An **iterator** is an object that represents a stream of data. This is different from a sequence, which is an ordered set of values that can be indexed. An iterator is an object that can be iterated upon, meaning that you can traverse through all the values. Technically, in Python, an iterator is an object which implements the iterator protocol, which consist of the methods `__iter__()` and `__next__()`. Lists, tuples, dictionaries, and sets are all iterable objects. They are iterable containers which you can get an iterator from. All these objects have a `iter()` method which is used to get an iterator. Some examples of iterators are lists, tuples, dictionaries, and sets because you can traverse through all the values.

### A. Strings
Strings are iterables, therefore we can get one or some of its items, and can be iterated over in a for-loop. Each iteration returns a single character from the string.

In [1]:
name = "Data Science"

#### A.1 Index Operator
The index operator can be used to get a single character from a string. The index operator is the square brackets `[]` with the index of the character you want to get inside the brackets. The index of the first character is 0, the second character is 1, and so on.

In [2]:
print(f"The name is {name}")
print(f"The item with index 0 is {name[0]}")
# Data Science
# 0         1
# 0123456789012
# -13       -1
print(f"The item with index 8 is {name[8]}")
print(f"The number of items in the string is {len(name)}")
print(f"The last item in the string is {name[len(name)-1]}")
print(f"The last item in the string is {name[-1]}")

The name is Data Science
The item with index 0 is D
The item with index 8 is e
The number of items in the string is 12
The last item in the string is e
The last item in the string is e


#### A.2 Slicing Operator
The slicing operator can be used to get a substring from a string. The slicing operator is the square brackets `[]` with the start index, colon `:`, and the end index inside the brackets. The start index is inclusive, and the end index is exclusive.

In [3]:
print(f"The first 3 items in the string are {name[0:3]}")
print(f"The first 3 items in the string are {name[:3]}")
print(f"The items starting at index 4 are {name[4:]}")
print(f"The last 3 items in the string are {name[-3:]}")
print(f"The copy of the string is {name[:]}")
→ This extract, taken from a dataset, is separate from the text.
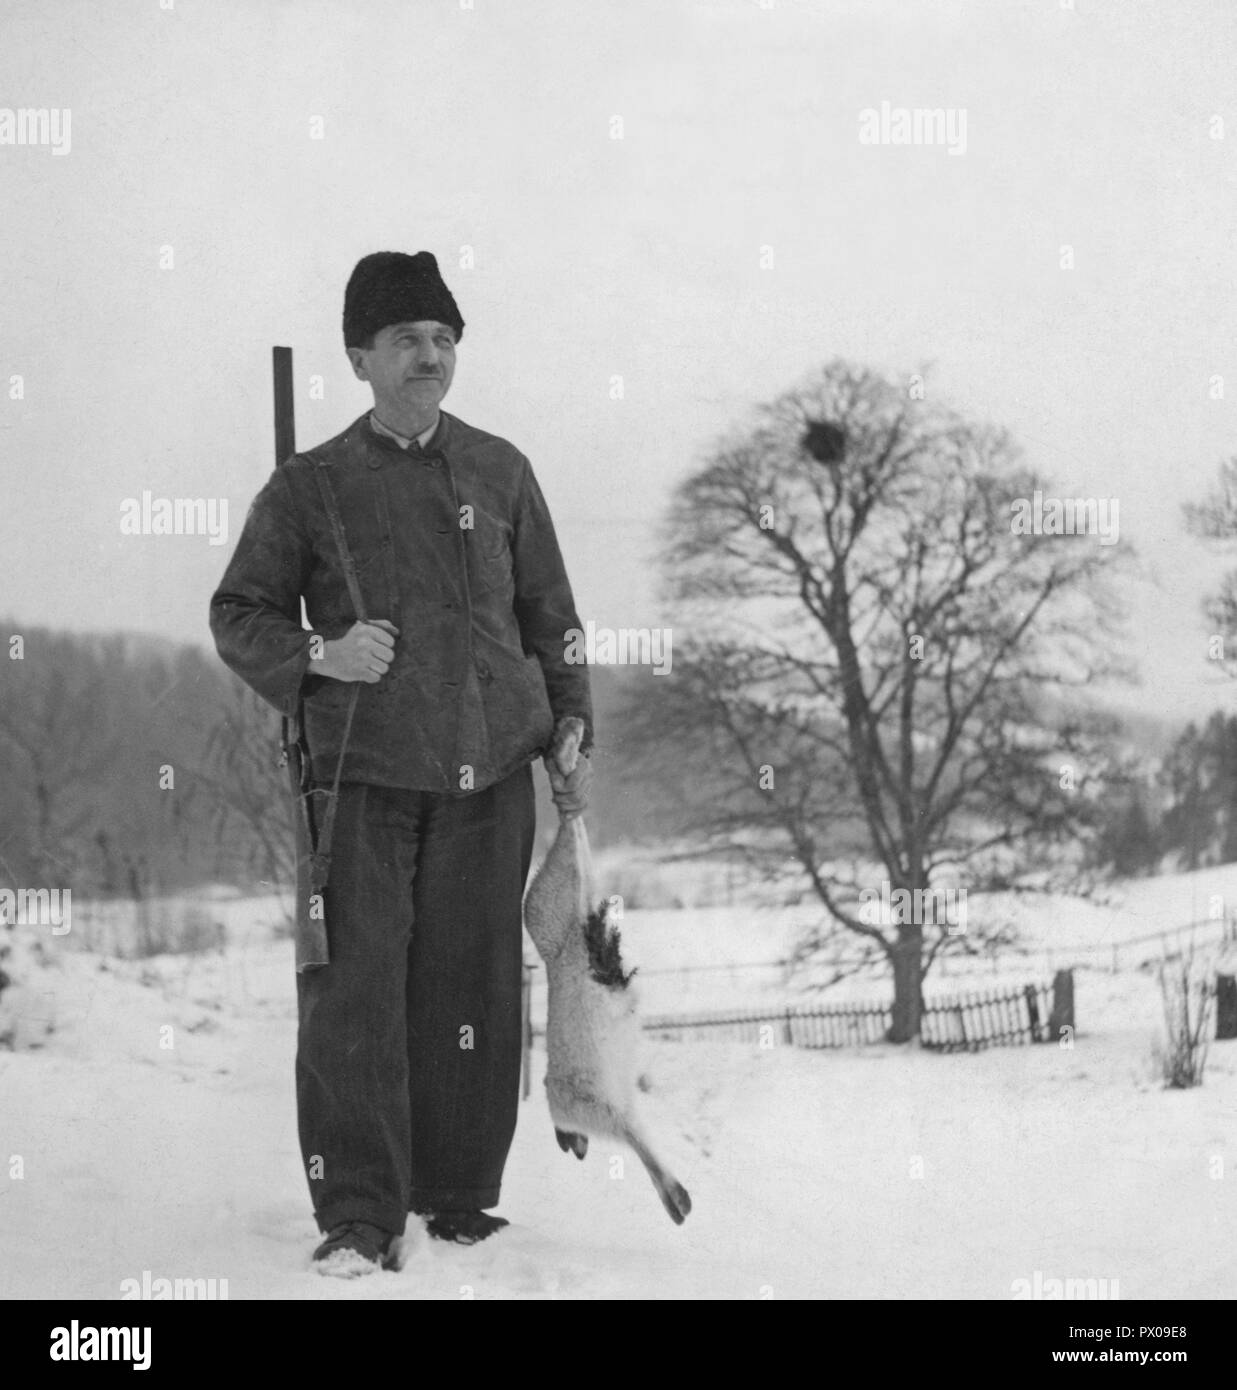 Hunter dans les années 40. Un homme est debout et tenant un lièvre qu'il a tourné lors de la chasse pour le lièvre traditionnel de Noël. Une tradition en décembre et souvent proche de noël. Suède 1940 Banque D'Images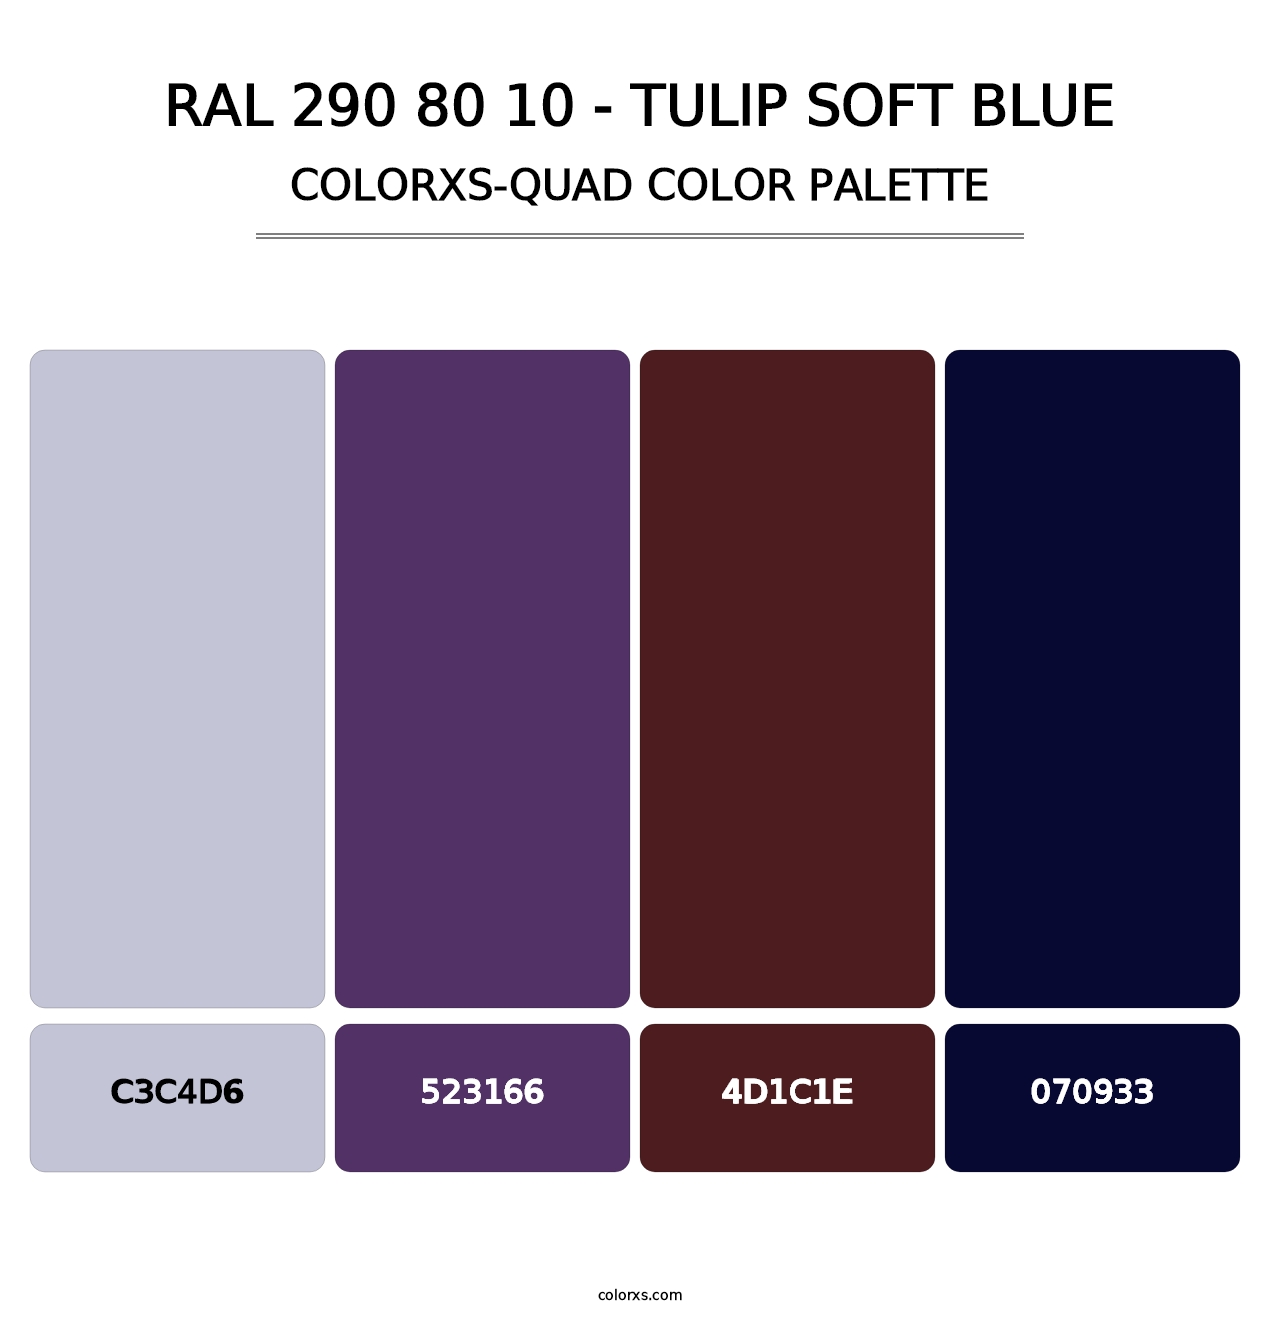 RAL 290 80 10 - Tulip Soft Blue - Colorxs Quad Palette

The first 3 items in the string are Dat
The first 3 items in the string are Dat
The items starting at index 4 are  Science
The last 3 items in the string are nce
The copy of the string is Data Science


The slicing operator can also be used to get a substring from a string with a step. The slicing operator is the square brackets `[]` with the start index, colon `:`, the end index, colon `:`, and the step inside the brackets. The start index is inclusive, the end index is exclusive, and the step is the number of characters to skip.

In [4]:
print(f"The items starting at index 5, skipping every other item are {name[5::2]}")
print(f"The items starting from the last item, skipping every other item are {name[::-2]}")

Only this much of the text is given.